Дядюшка не успел спросить меня, не знаю ли я поблизости других магазинов. Но, поскольку я сказал, что спешу, мы расстались.
Мне действительно нужно было успеть купить Эглантине подарок до закрытия магазинов. До обеденного перерыва оставалось совсем немного. Увидев, что ее машина выезжает с парковки перед магистратом, я подбежал к ней, упросил пустить меня за руль: «Тебя ждет сюрприз!» — и отвез в ювелирный магазин Лефорта, на улице Рене Шеффер. Там я объявил, что мне нужны обручальные кольца, это заставило ее расхохотаться. «Ну, до этого дело еще явно не дошло», — сказала она, вновь обретя серьезность, к великому неудовольствию мсье Лефорта, который уже выставил на прилавок многочисленные футляры. «Что касается обручальных, я, разумеется, пошутил, — прошептал я ей на ухо, — но что касается колец, предложение остается в силе!» Эглантина наградила меня долгим поцелуем в губы прямо на глазах у мсье Лефорта, слегка смущенного этим зрелищем, а потом перемерила множество золотых, серебряных, вермелевых колец с нарастающим энтузиазмом, но все никак не могла сделать окончательный выбор.
Я начал выбирать для нее сам: сначала выбрал с одним камнем, потом со множеством камней — она скорее тяготела к изобилию, — потом у меня закружилась голова и возникло такое ощущение, что я погружаюсь в зыбучий песок или поднимаюсь на скоростном лифте на самый верх небоскреба. Мной овладела покупательская лихорадка, и я начал украдкой посматривать на микроскопические этикетки — минимальная цена была 1749 евро за кольцо с двенадцатью бриллиантами, очень тонкой огранки, 0,65 карата, и максимальная — 4843 евро за кольцо, украшенное рубинами, сапфирами, изумрудами и сорока восемью бриллиантами в 1,15 карата — это была величина аванса, который должен был выплатить мне банк «Flow» в конце следующего месяца. К счастью, Эглантина, после недолгого молчания, во время которого она держала неподвижную правую руку на весу и разглядывала ее с выражением глубокой, почти медитативной отрешенности, вдруг быстро опустила руку, резко сняла кольцо и решительно заявила: «Эти дурацкие штуки меня старят!», — заставив ювелира побледнеть. «Во всяком случае, никаких колец!» — добавила она. Затем с сияющим видом спросила:
— Может быть, вделать бриллиант в пупок? Или нет, — тут же ответила она самой себе с загадочной улыбкой. — Когда я буду… Если я буду беременной, он может выпасть!

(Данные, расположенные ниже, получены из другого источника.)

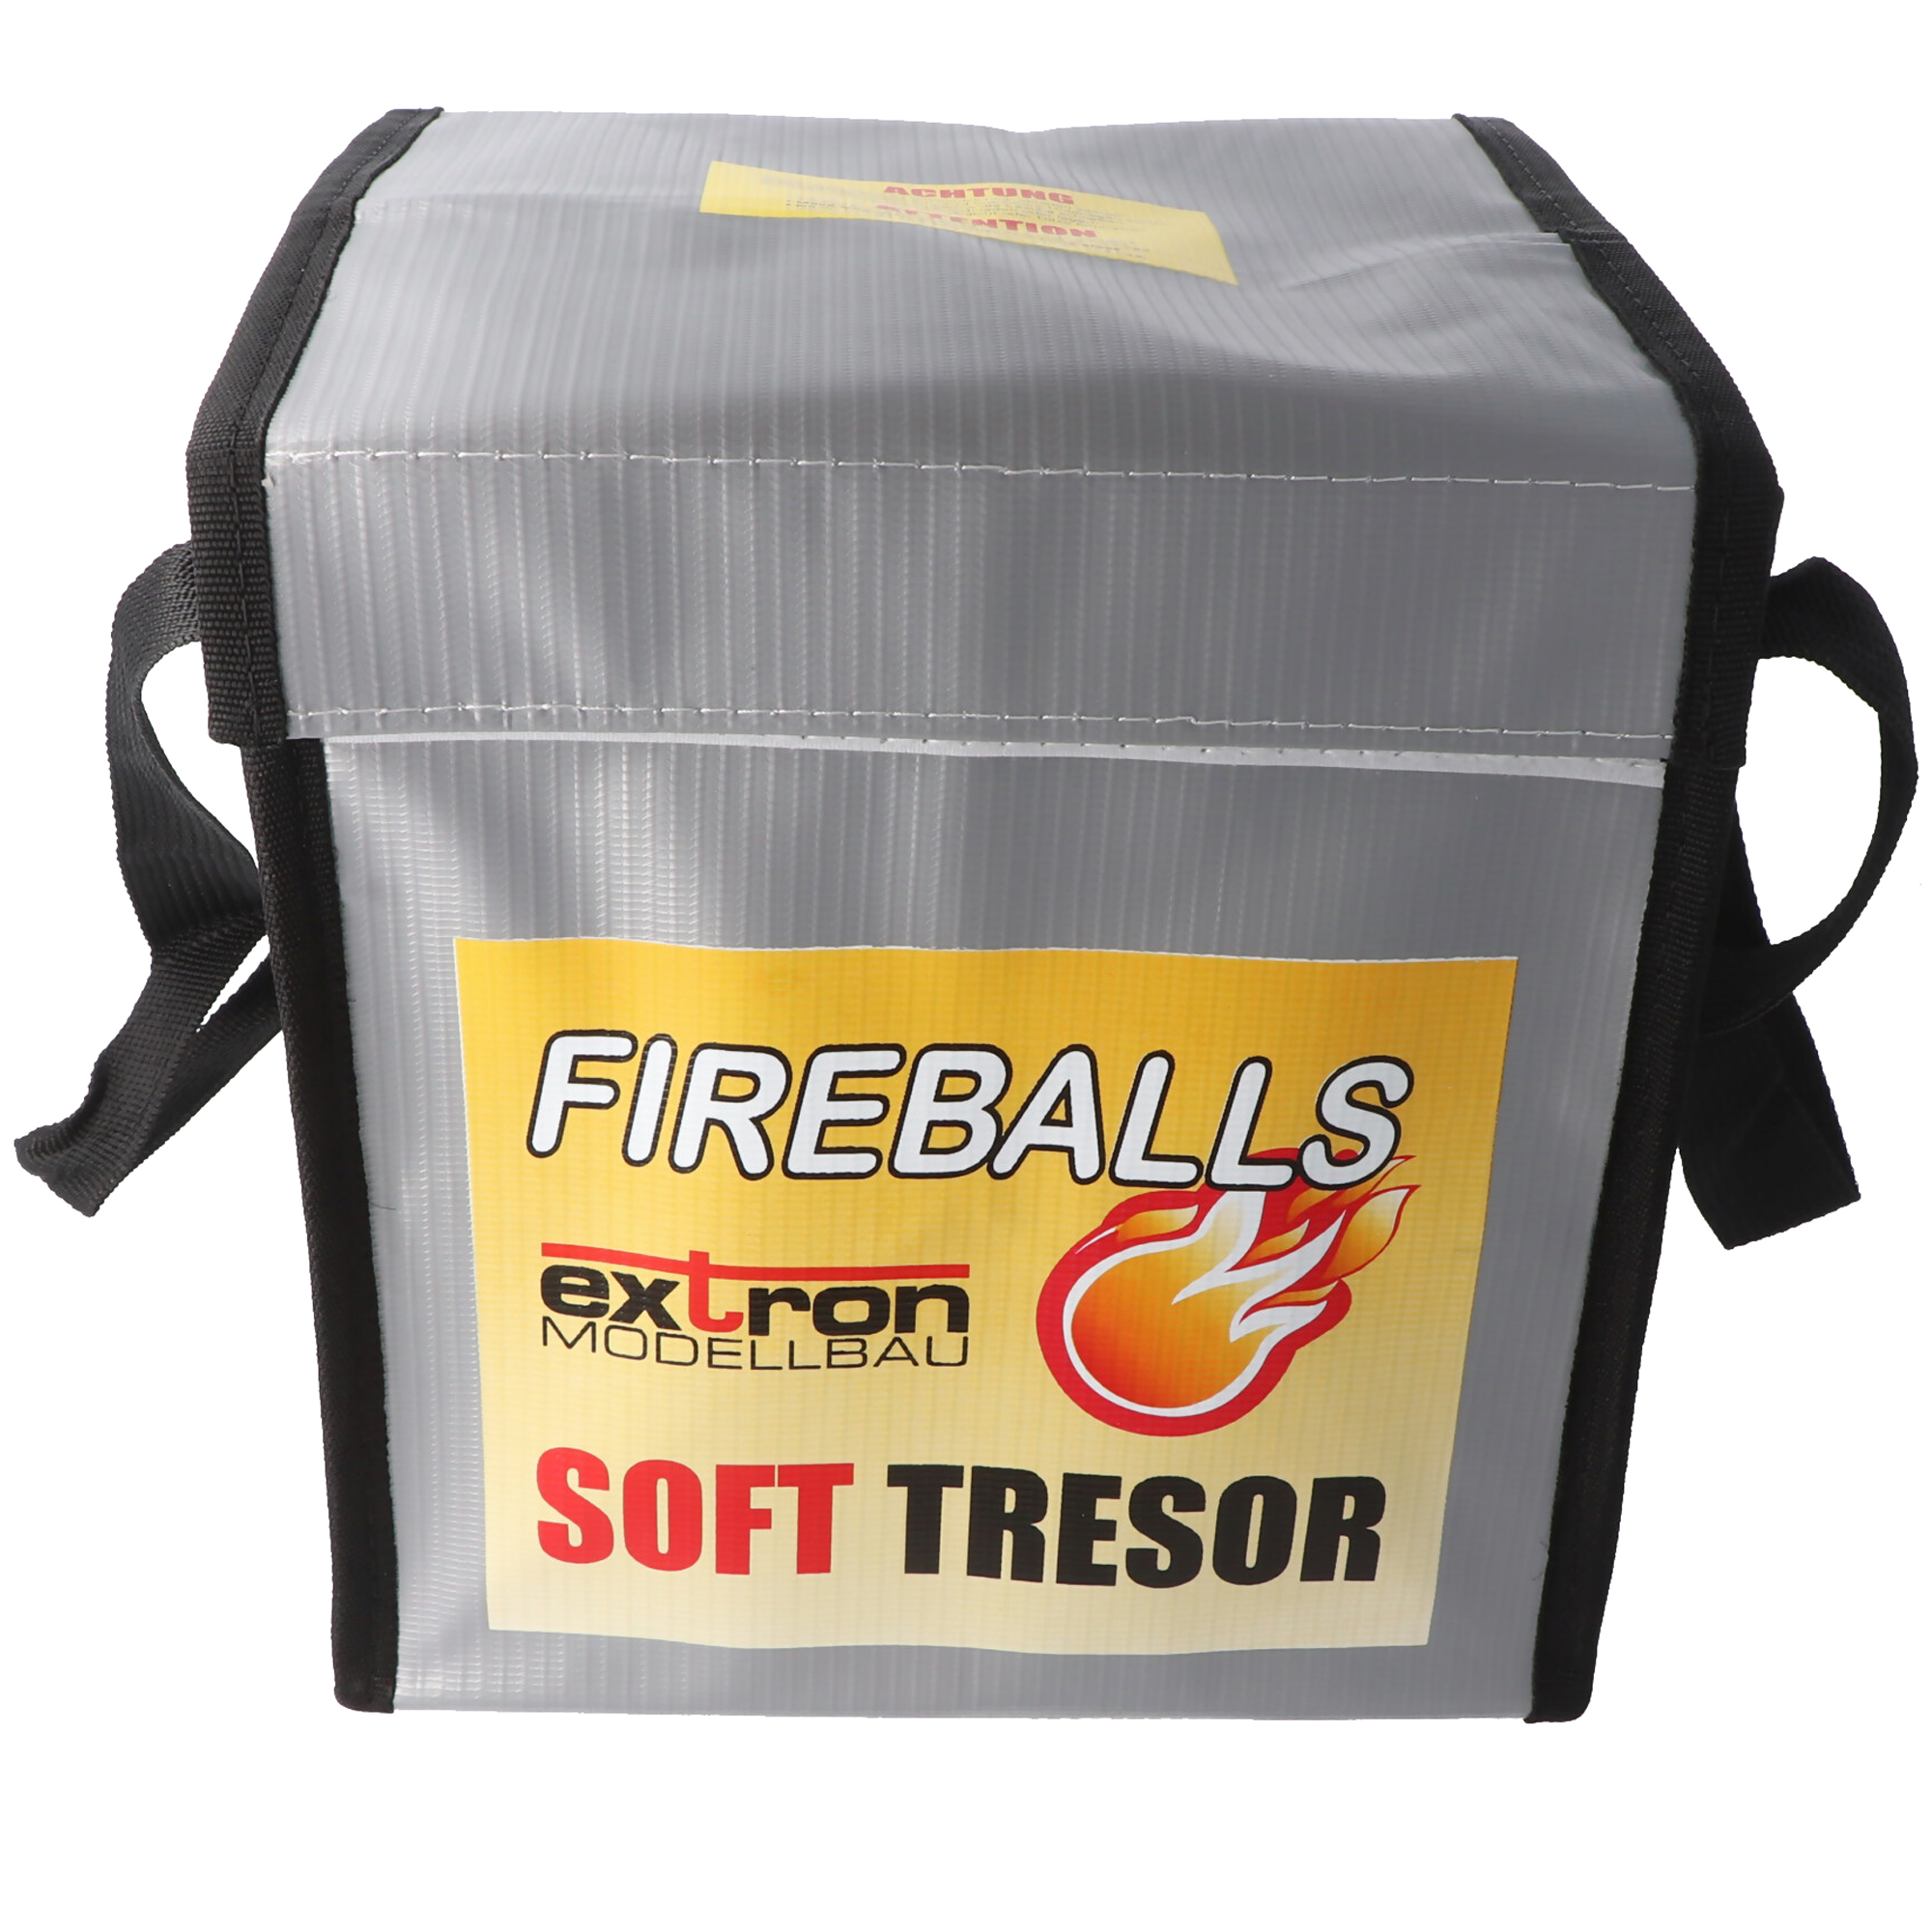 Fireballs Feuerlöschgranulat Tresor Bundle für Lithium Akkus, Brandschutz, Löschmittel 3x1 Liter inkl. Soft-Tresor

Я не настаивал. Ювелир тоже. Но, кажется, он вновь обрел надежду, увидев, куда смотрит Эглантина и куда вслед за ней невольно взглянул и я: на небольшое колье со скарабеем, лежавшее в витрине недалеко от входа.
— Египетский амулет счастья, цельное золото, восемнадцать карат, — сказал он, предупреждая наши вопросы, — точное воспроизведение украшения XVIII династии, которое в настоящий момент находится в Лувре.
И прежде чем Эглантина успела что-либо ответить, скарабей уже висел в ложбинке между ее грудей — маленькое золотое пятнышко на фоне матовой кожи, мягко освещенной отблесками круглого зеркала, которое мсье Лефорт незаметным жестом извлек из ящика стола и протянул ей.
— М-м-м… — только и сказала она, и о смысле этого междометия можно было только догадываться.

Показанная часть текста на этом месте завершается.